What is Link Discovery?

Q: What is Link Discovery?

Link discovery is the process of identifying and extracting URLs from web pages during crawling to find new pages to visit.

Definition

Link discovery is the process of identifying URLs within a web page that point to other pages. It is the mechanism by which web crawlers find new pages to visit — each crawled page yields links that expand the set of known URLs, which the crawler can then explore based on its configuration and strategy.

How Link Discovery Works

HTML Anchor Tags

The primary source of links is the <a href="https://example.com/page"> element. Crawlers parse HTML to extract all href attribute values, which may be absolute URLs, relative paths, or protocol-relative references.

URL Resolution

Discovered links must be resolved to absolute URLs. A relative link like /products/widget found on https://example.com/catalog/ must be resolved to https://example.com/products/widget. Base tags, protocol-relative URLs, and various path formats all require correct handling.

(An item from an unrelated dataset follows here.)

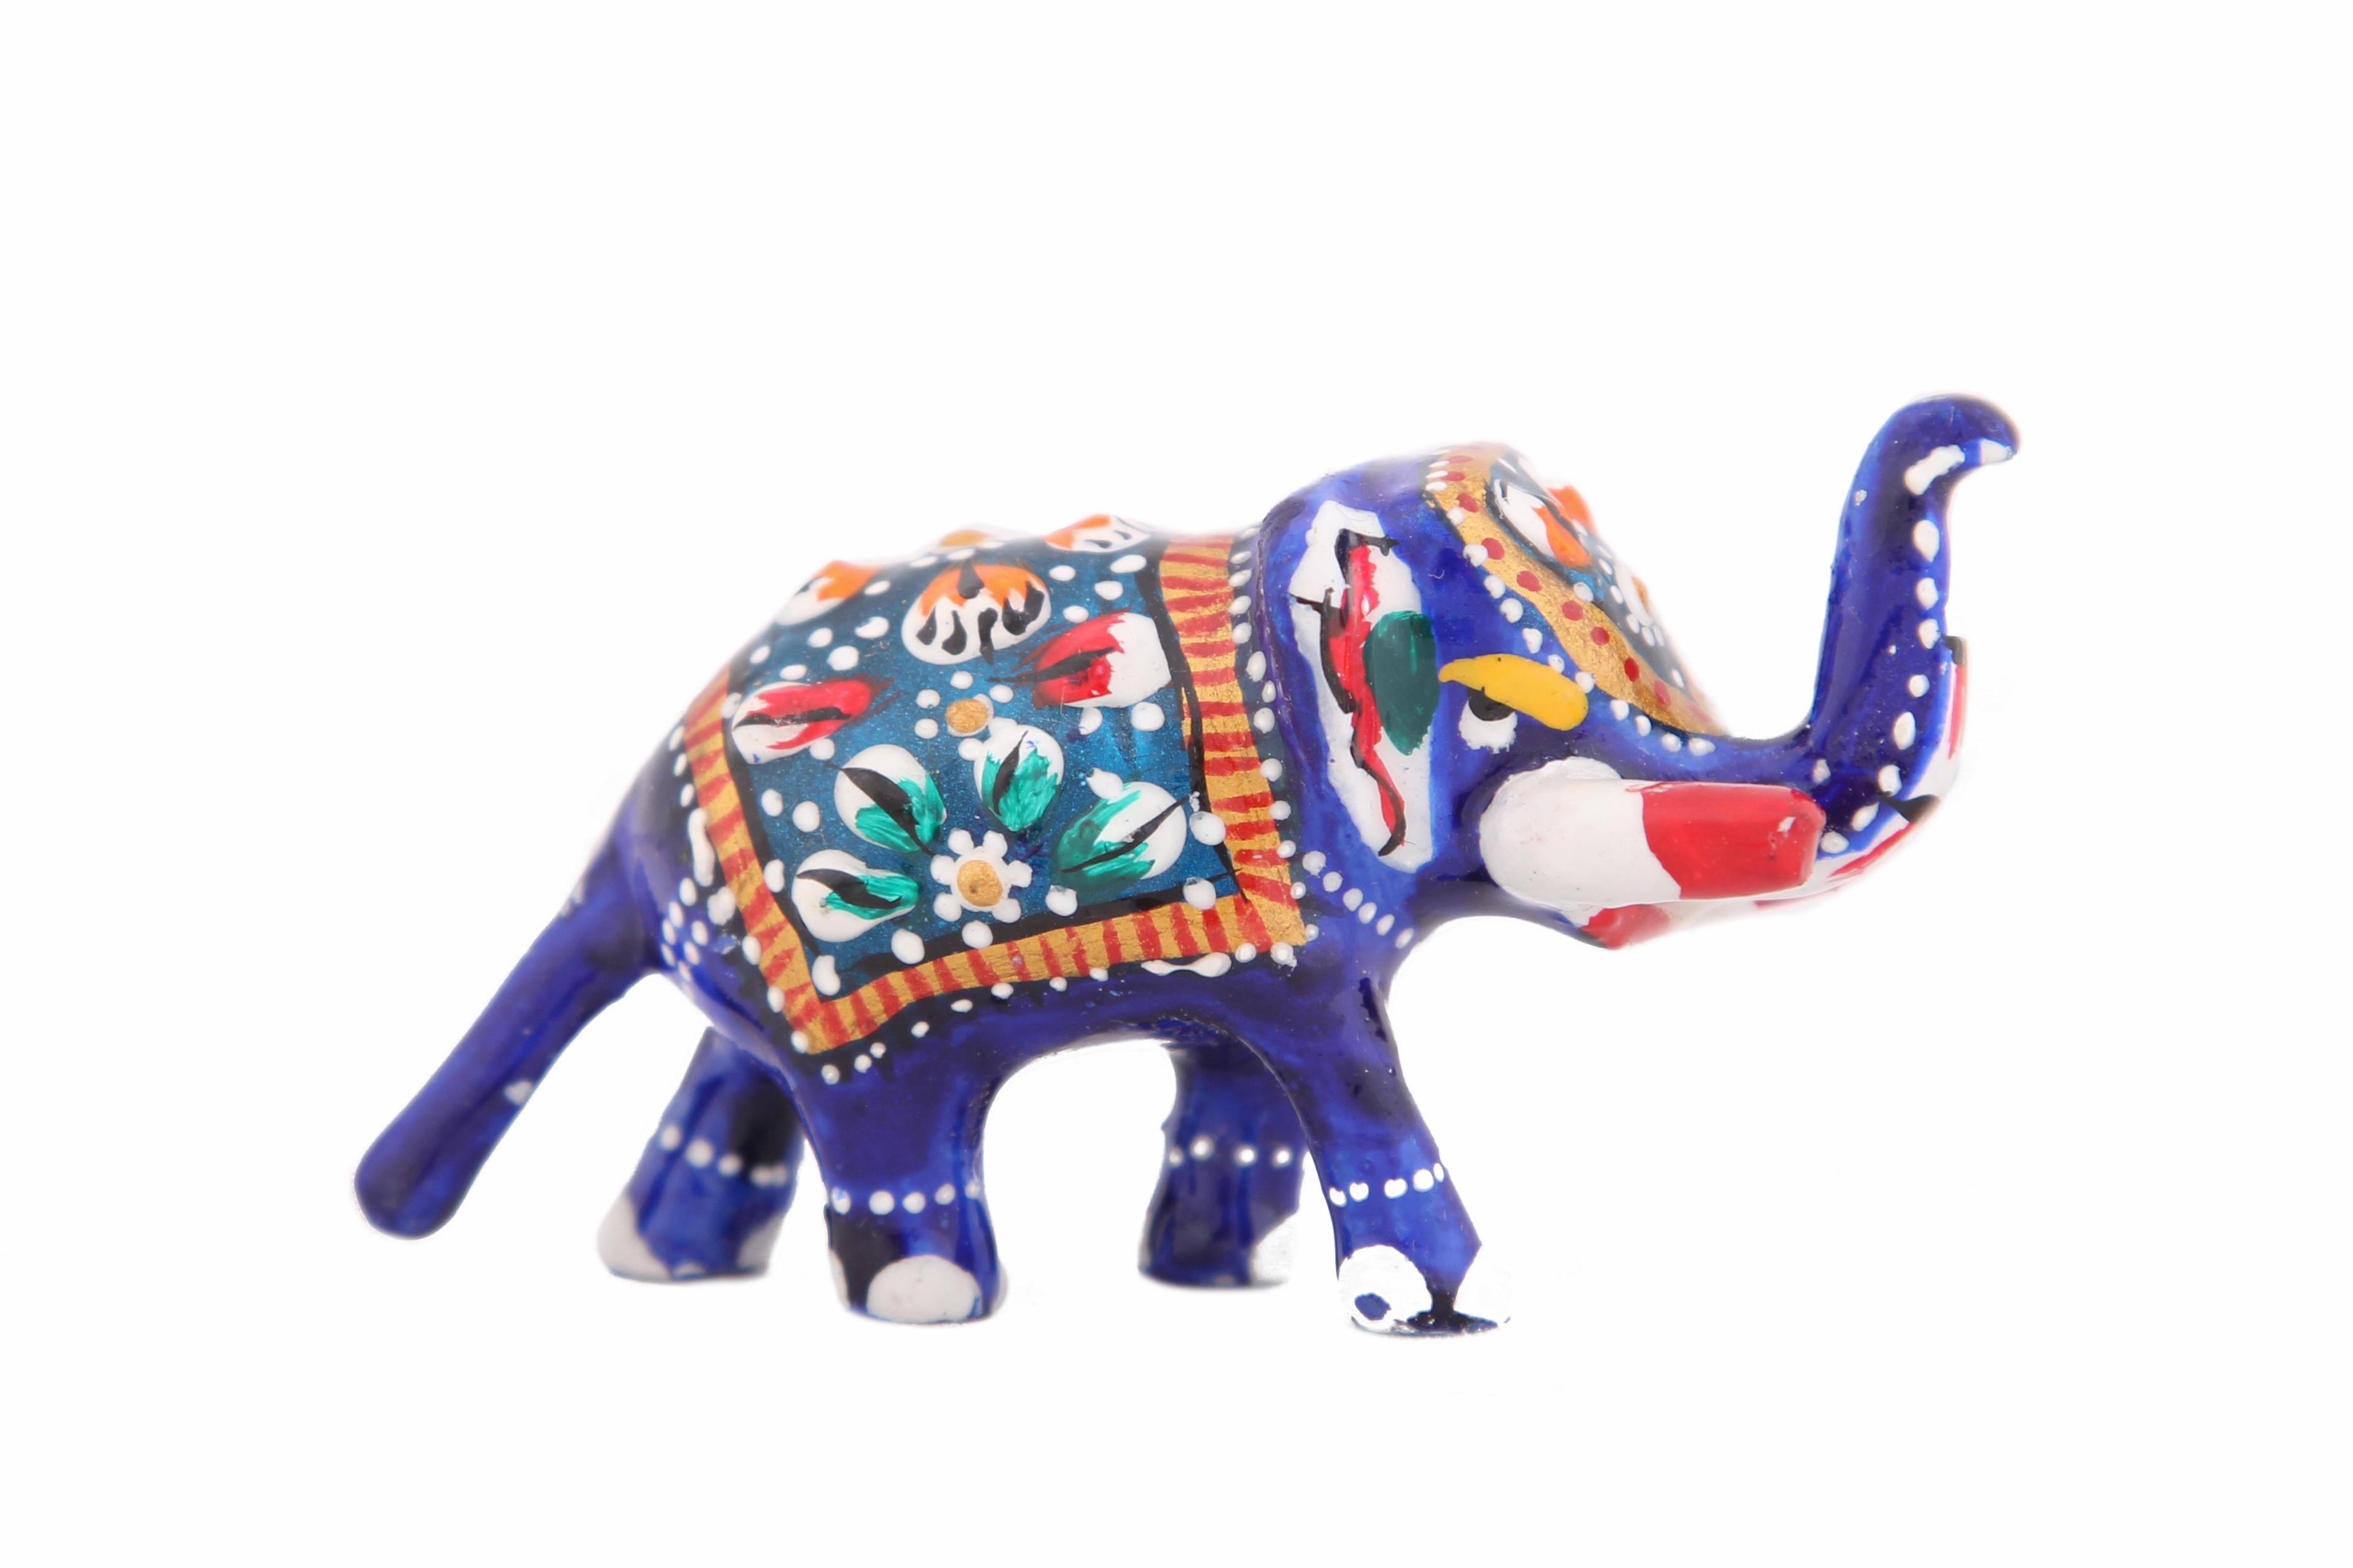 {} Ганг Статуэтка Слон (2х4х5 см) статуэтка африканка федерация статуэтка африканка

Filtering Discovered Links

Not every discovered URL should be crawled. Effective crawlers filter links based on:

Domain scope — stay within the target domain or allowed domains
URL patterns — include or exclude paths matching specific patterns
File types — skip links to images, PDFs, or other non-HTML resources (unless specifically targeted)
Already visited — deduplicate against the set of known URLs
Depth limits — stop discovering links beyond the configured crawl depth

Link Discovery in ScrapeGraphAI

ScrapeGraphAI's crawler performs intelligent link discovery that identifies navigation patterns, pagination links, and content URLs while filtering out irrelevant resources. Combined with configurable URL filters, this ensures crawls stay focused on the content that matters to your extraction goals.